Long-term clients of mine, even those dating back to my decade at Dataquest in the 1990s, are familiar with the concept that spot prices behave differently during a shortage. When there is too much DRAM spot prices remain below contract prices, because OEMs who bought too much product clear their inventory at quarter end (and other times) by selling at a loss.
During a shortage the opposite is true: OEMS find that they can’t get as much DRAM as they wanted through their contract sources, so they shop for the balance on the spot market. Since there are more buyers than sellers, spot prices invariably raise higher than contract prices.
When the prices change from one state of affairs to the other then it is safe to assume that the market has changed from a shortage to an oversupply, or from an oversupply to a shortage.
Of course, there are periods of flux, where, for a day or two, or a week or two, spot prices indicate a change, but the real story is told when there is an extended change.

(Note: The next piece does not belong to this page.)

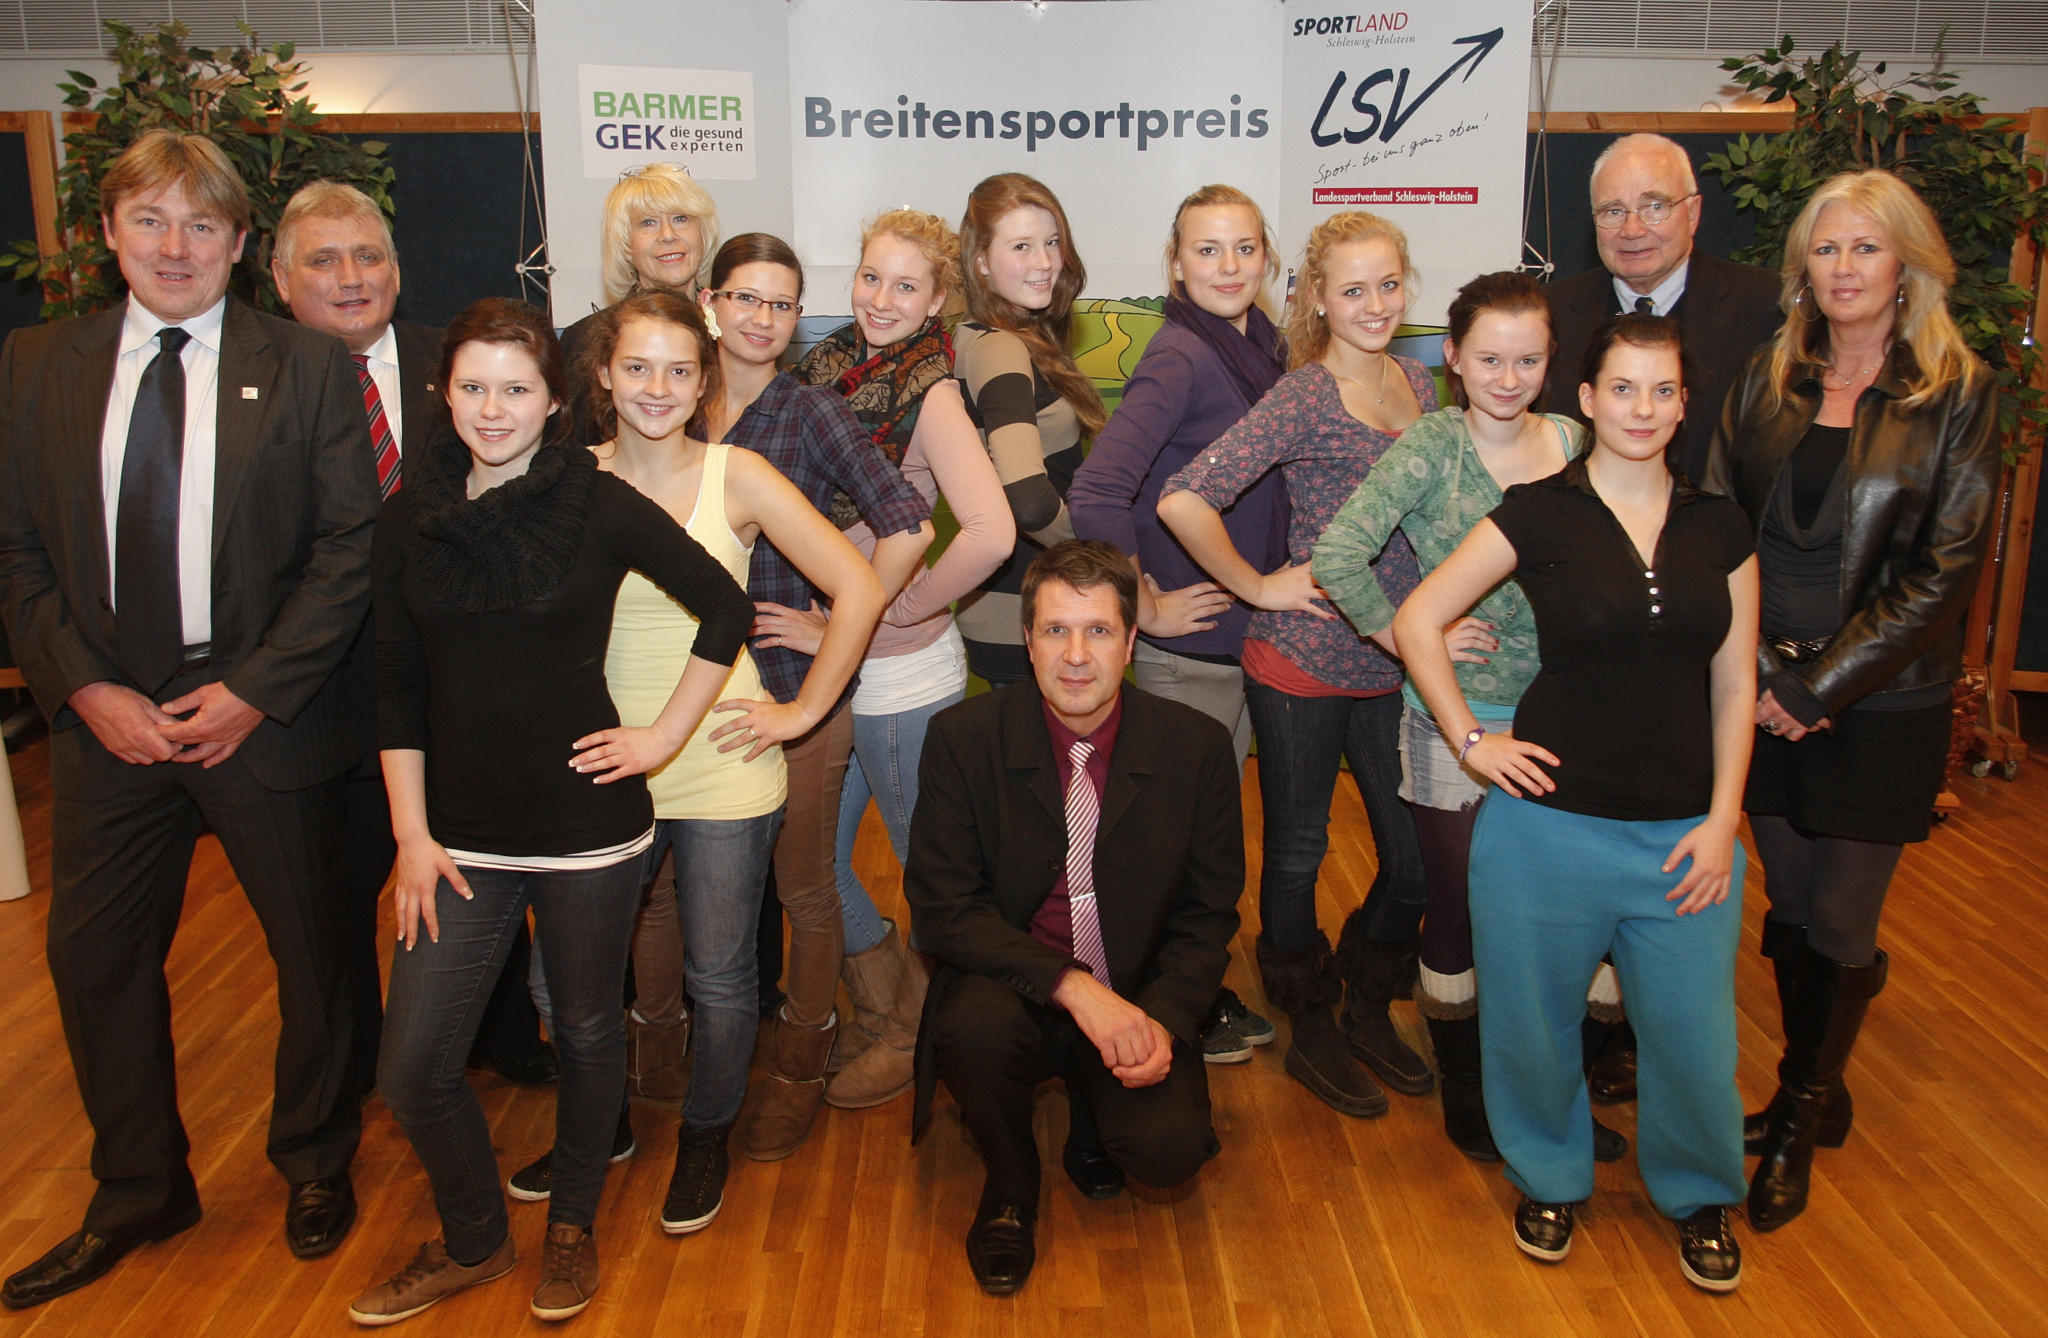 Breitensportpreis 2011

Lately we have noticed that DRAM average spot price per gigabyte has remained higher than contract prices. In fact, this has been the case for nearly one and a half months, longer than any time since the first half of 2013. This is illustrated in this post’s graphic.
This could be the beginning of the serious shortage that Objective Analysis has been forecasting for this period, however NAND flash, which should fall into synch with DRAM, is still seeing soft pricing.
Still, indications are that a shortage will indeed develop this year, and when it does Objective Analysis‘ clients will have taken measures to ensure that they will not be caught in short supply. We can only hope that those who are not currently engaged with us will have received similar advice from their market research providers.
Conveniently DDR4 (for Servers) is coming just around the corner while
PC’s growth is negative for last few years
and margins for ARM memory is quite low.
Even with 64 bit processing typical RAM has not increased
especially when Apple has added RAM compression in their OS.
Good enough computing is here where most of the computing
is suppose to occur in the cloud where networked or grouped memory is needed.
RD, thanks for the comment.
I don’t know how many times over the past 20+ years I have heard that DRAM per PC had stopped growing – I recall when that number was going to stop at 2MB.
Let’s hope it doesn’t stop growing quite yet! That would have a pretty disastrous impact on the DRAM makers!